In PLoS One this week, researchers at the World Health Organization's Collaborating Center for Reference and Research on Influenza report their development of a pyrosequencing assay "for the rapid identification and subtyping of potential human influenza A virus reassortants based on all eight gene segments of the virus," which they say could enhance flu surveillance. "This method was shown to be capable of detecting reassortant viruses by correctly identifying the source of all eight gene segments from three vaccine production reassortant viruses and three H1N2 viruses," the authors say. They add that pyrosequencing is a "sensitive and specific procedure for screening large numbers of viruses for reassortment events amongst the commonly circulating human influenza A viruses."
Elsewhere in PLoS One, investigators in Denmark and the Netherlands report their use of pyrosequencing to comparatively analyze bacterial communities in a potato field. By analyzing the rhizospheres of six cultivars at three growth stages, along with their corresponding bulk soils, the team obtained around 350,000 bacterial sequences. "Across all samples, rank abundance distributions best fitted the power law model, which indicates a community composed of a few highly dominant species next to numerous rare species," the authors report. Overall, the researchers found that, across all cultivars, "the young plant stages revealed cultivar-dependent bacterial community structures, which disappeared in the flowering and senescence stages."

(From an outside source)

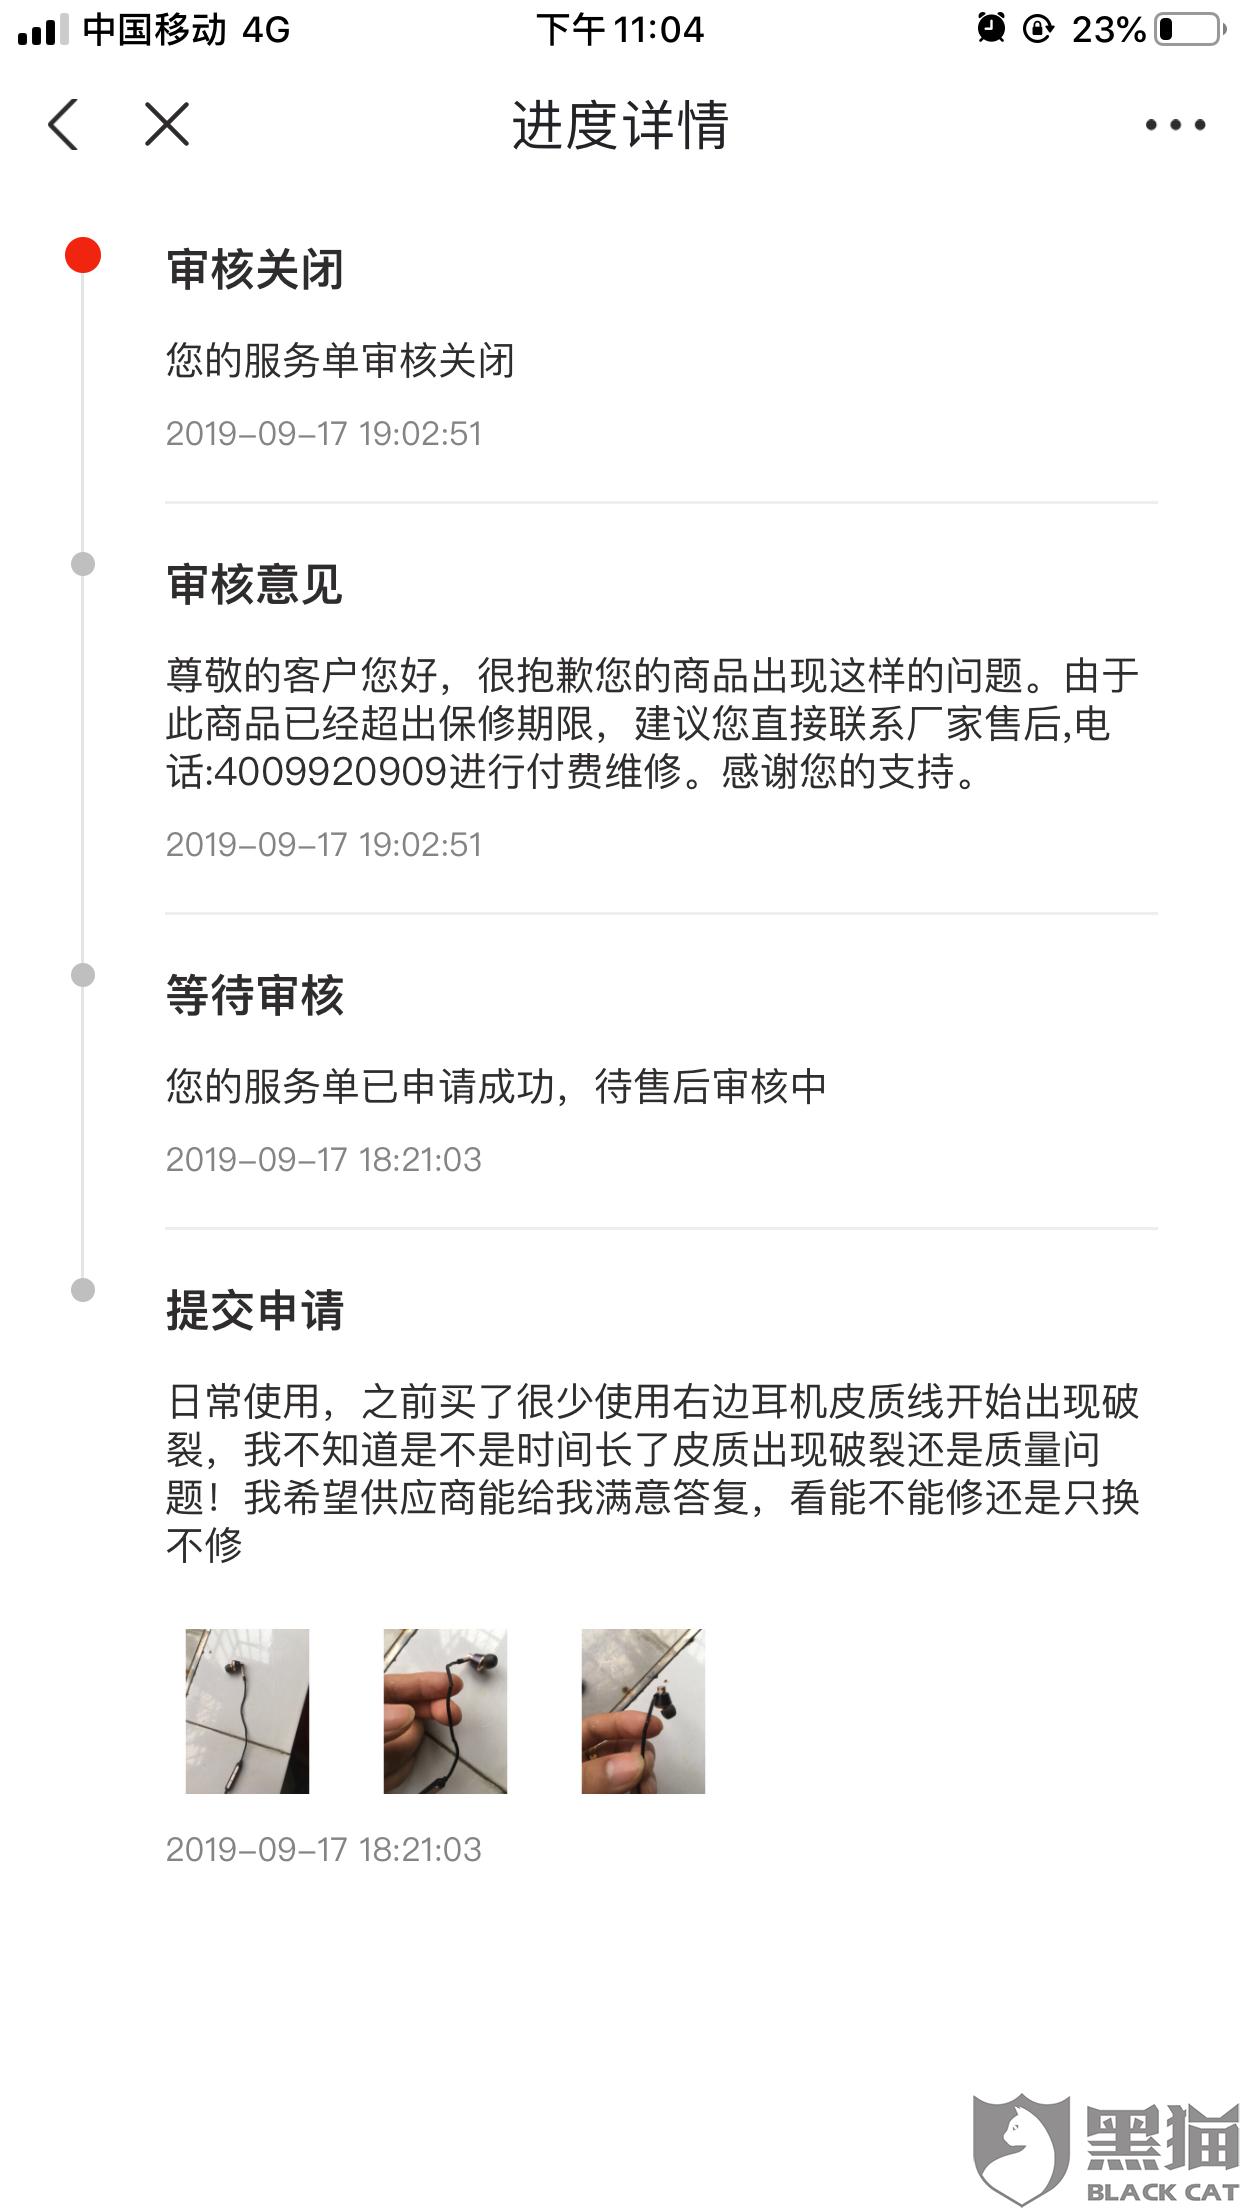 黑猫投诉:万魔1more京东自营旗舰店耳机出现问题不处理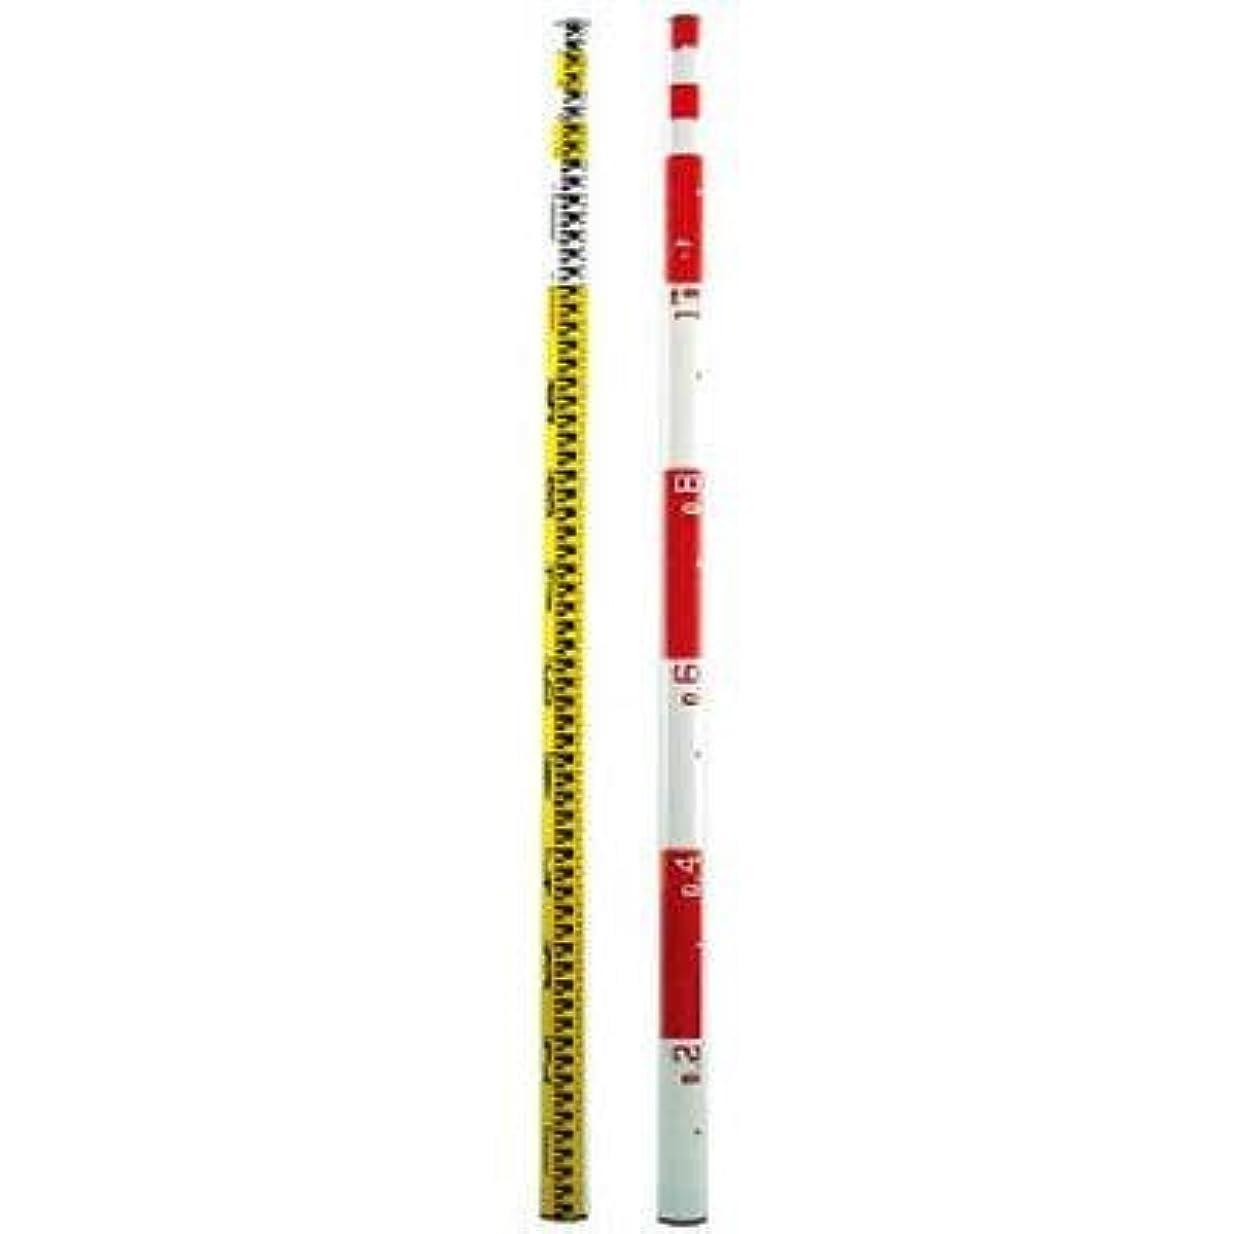 現象農業後宣真工業:宣真 SKロッド 205-5m 205-5 型式:205-5

Researchers at Germany's University of Cologne and Wageningen University in the Netherlands discuss the theoretical evolutionary accessibility of mutational pathways. "We define a mutational pathway to be accessible if it contains the minimal number of mutations required to reach the target genotype, and if fitness increases in each mutational step," Cologne's Jasper Franke et al. write in their PLoS Computational Biology paper. In assessing this definition and its resulting model predictions on an empirical eight-locus fitness landscape for the filamentous fungus Aspergillus niger, the team found that "the globally optimal configuration should be accessible to genome-wide evolution, but the repeatability of evolutionary trajectories is limited owing to the presence of a large number of alternative mutational pathways."
Over in PLoS Pathogens, a pair of researchers at GlaxoSmithKline discuss its use of phenotypic screens and chemical genomics to identify antimalarial compounds as potential treatments. "From a chemical standpoint, some hits may look like bona fide drug leads while others more like chemical probes for target identification," the GSK duo writes. In reviewing such screening initiatives, the researchers suggest room for improvement. "Sets of whole-cell hits should be re-screened for specific modes of action. Even with the small numbers of compounds in such sets, single target screens are probably not practical given the effort required to validate individual targets and develop robust assays," the authors write, later adding that "most of those assays are complex and not amenable to high throughput screening." Further, the GSK researchers say that "it may not be possible to assign individual targets to all compounds, particularly to those hitting more than one target, but validating a given pathway or cellular process as amenable to pharmacological intervention will still be useful."